#### Records for this task:

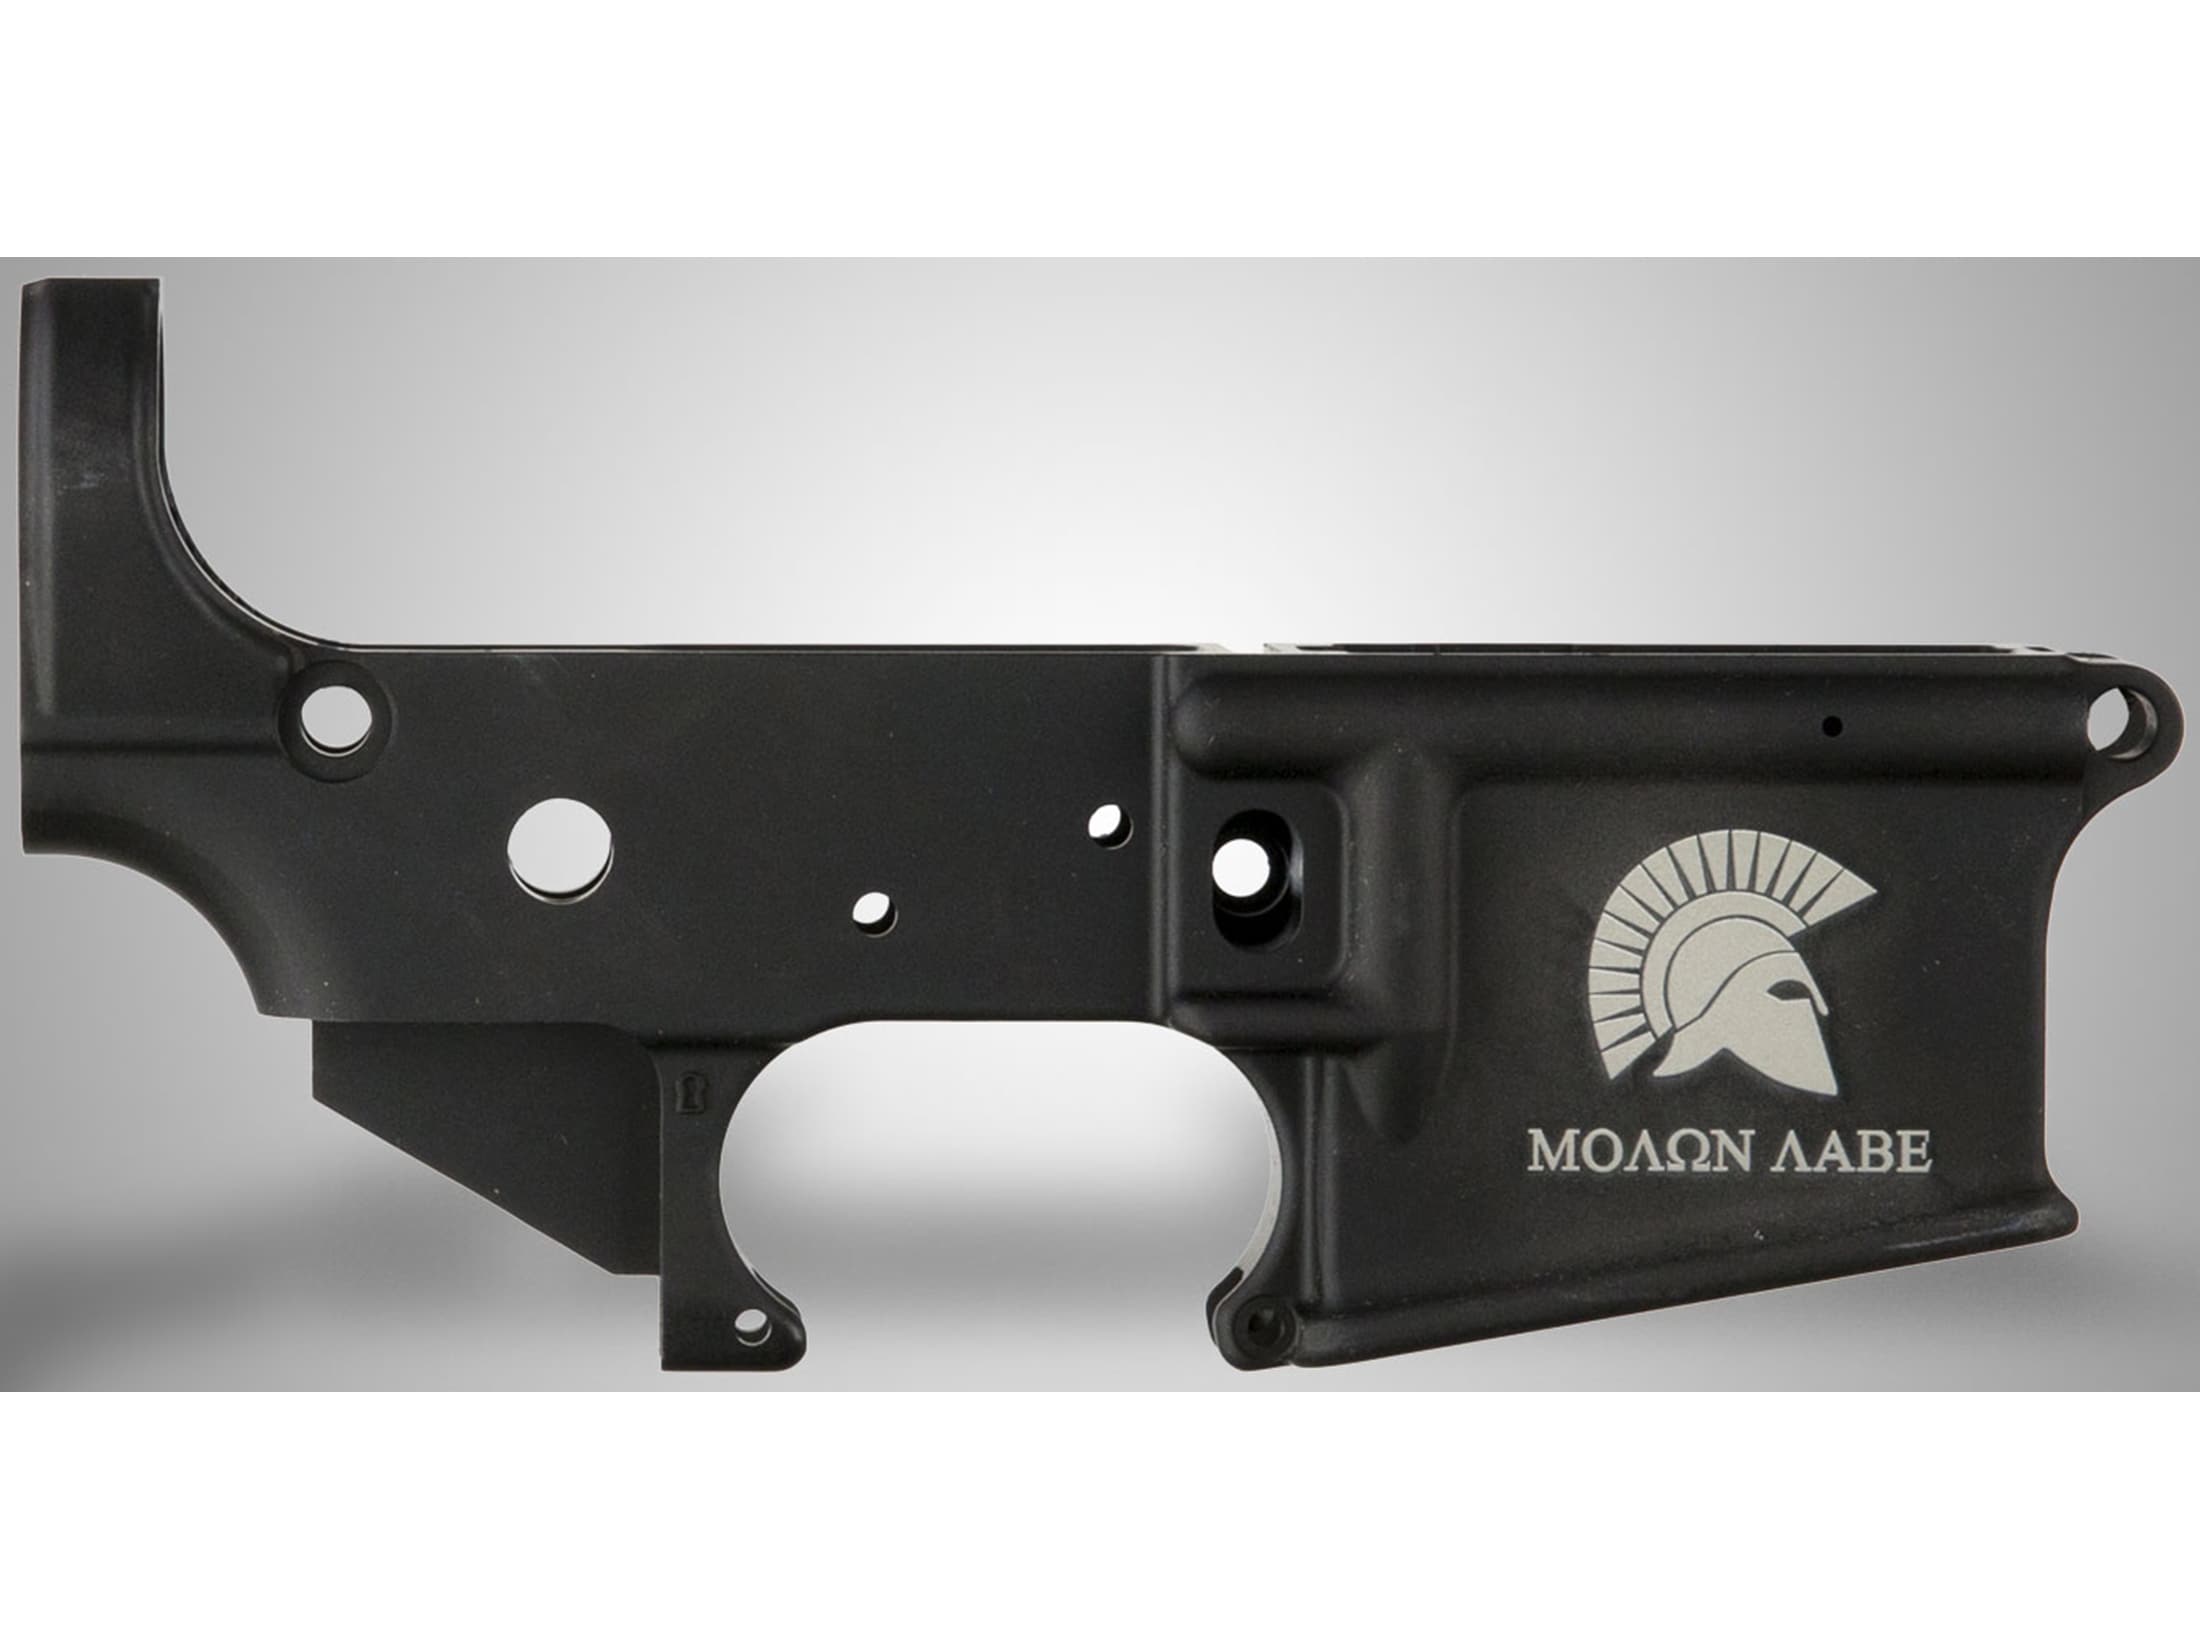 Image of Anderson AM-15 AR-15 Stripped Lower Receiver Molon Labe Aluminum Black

--

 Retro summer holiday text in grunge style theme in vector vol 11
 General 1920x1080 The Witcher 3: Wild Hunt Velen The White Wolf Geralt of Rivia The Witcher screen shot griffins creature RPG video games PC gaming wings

#### About this exercise:
Reproduce exactly the entries above, limited to the lines from the one with "Retro summer holiday" through the one with "General 1920x1080 The", both included.

#### Solution to the problem:
 Retro summer holiday text in grunge style theme in vector vol 11
 General 1920x1080 The Witcher 3: Wild Hunt Velen The White Wolf Geralt of Rivia The Witcher screen shot griffins creature RPG video games PC gaming wings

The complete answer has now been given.